Back when shopping was an event, my old mentor John Gunter ran the legendary Penn Traffic Department Store in Johnstown. John’s motto was simple: Go big or go home. And when it came to Christmas, he went mega-big.

That store was a winter wonderland with wreaths the size of a 1968 Chrysler New Yorker, miles of garland, and enough lights to make Chevy Chase’s Clark Griswold cry with envy. Years later, when I was working at a local hospital, I found out that Penn Traffic’s giant wreaths had been sitting in storage at a local car dealership.

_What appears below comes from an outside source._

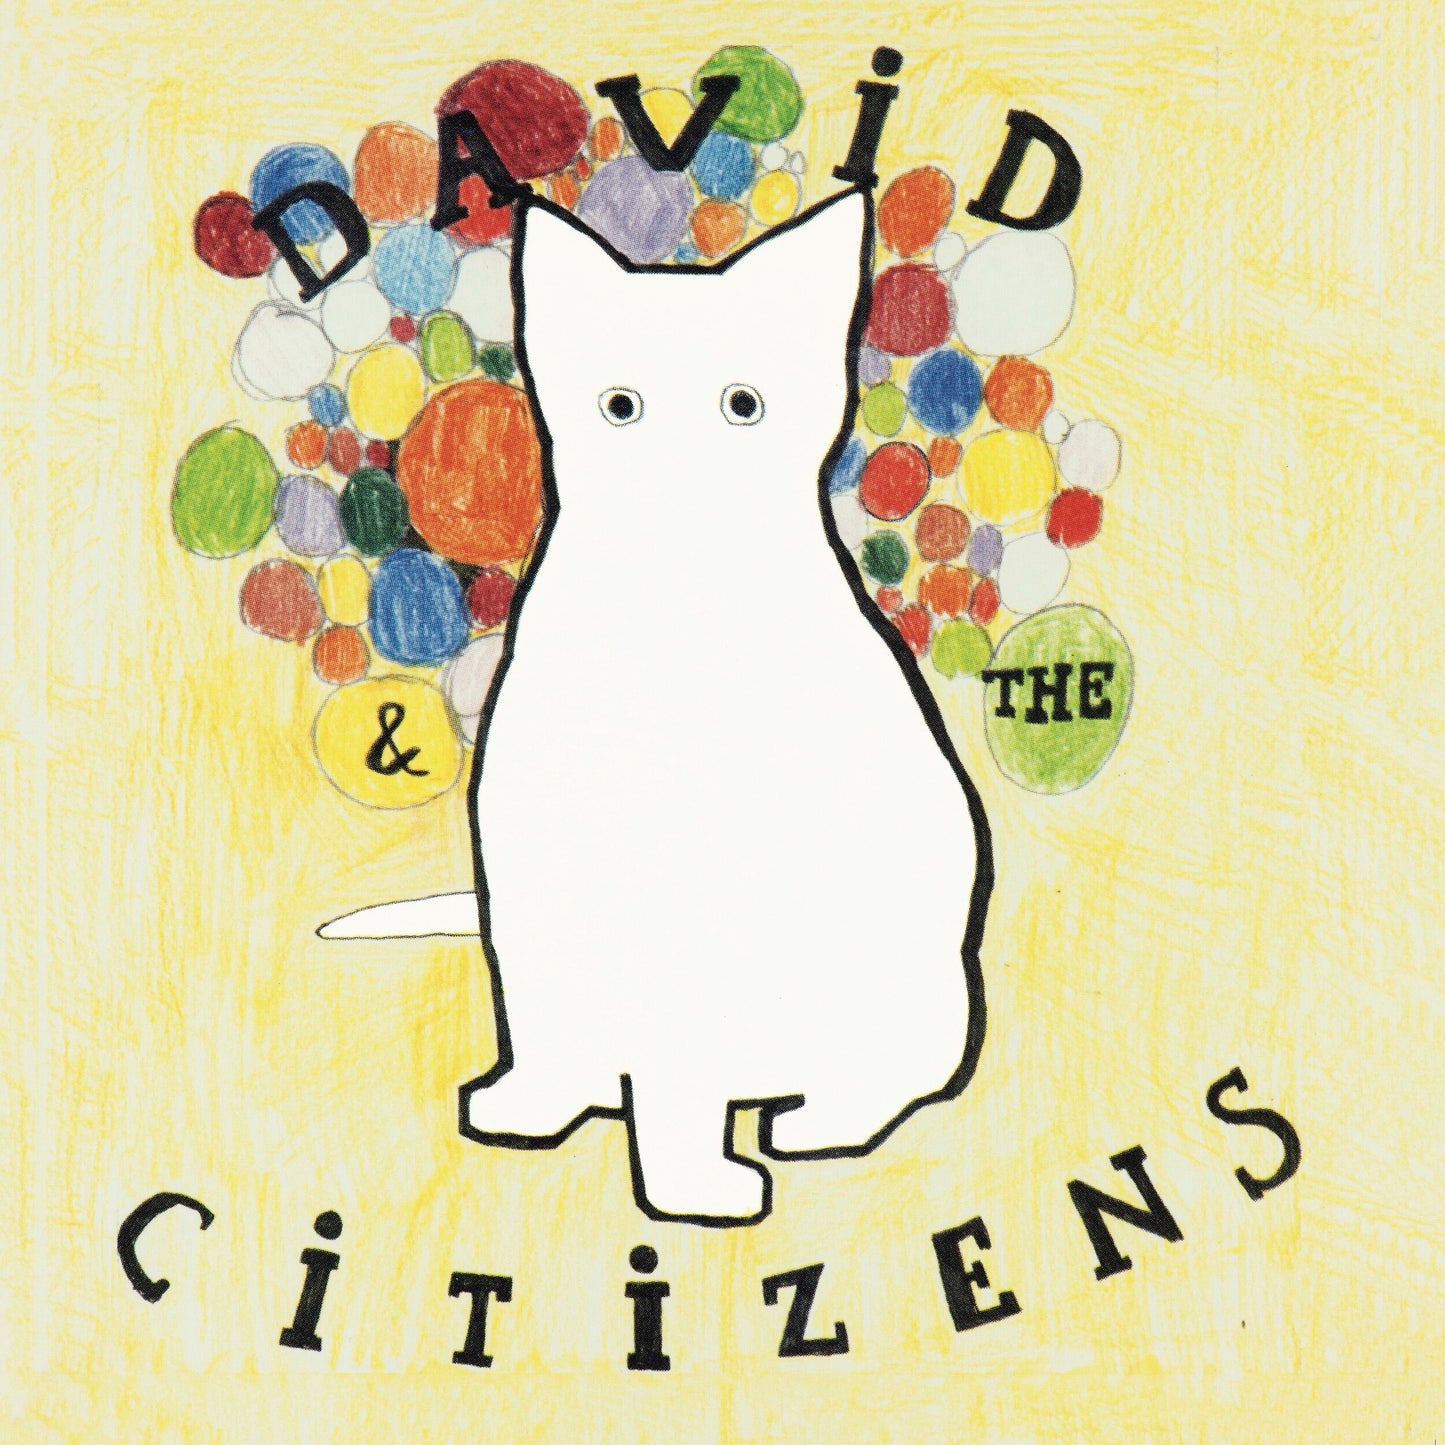 David and the Citizens - Beppe + I’ve Been Floating Upstream

We tracked them down, borrowed a bucket truck, and next thing you know, our hospital had started a new tradition. It was glowing like Santa’s Workshop. Patients, visitors and my fellow workers loved it. It was the perfect tribute to John’s old motto: “If you can see it from outer space, you’ve done it right.”

Truth is, I should’ve seen my attachment to “go big or go home” coming. My Italian grandfather, who could make anything from Adirondack chairs to homemade wine strong enough to clean your upholstery, offered to start a family Christmas wreath business. My brother and I were the sales team. We made good money, right up until Grandad accidentally gave himself a raging case of poison ivy from burning leftover brush in a pile of poison vines. Our wreath empire collapsed, but we had enough memories, calamine lotion, and steroids to last a lifetime.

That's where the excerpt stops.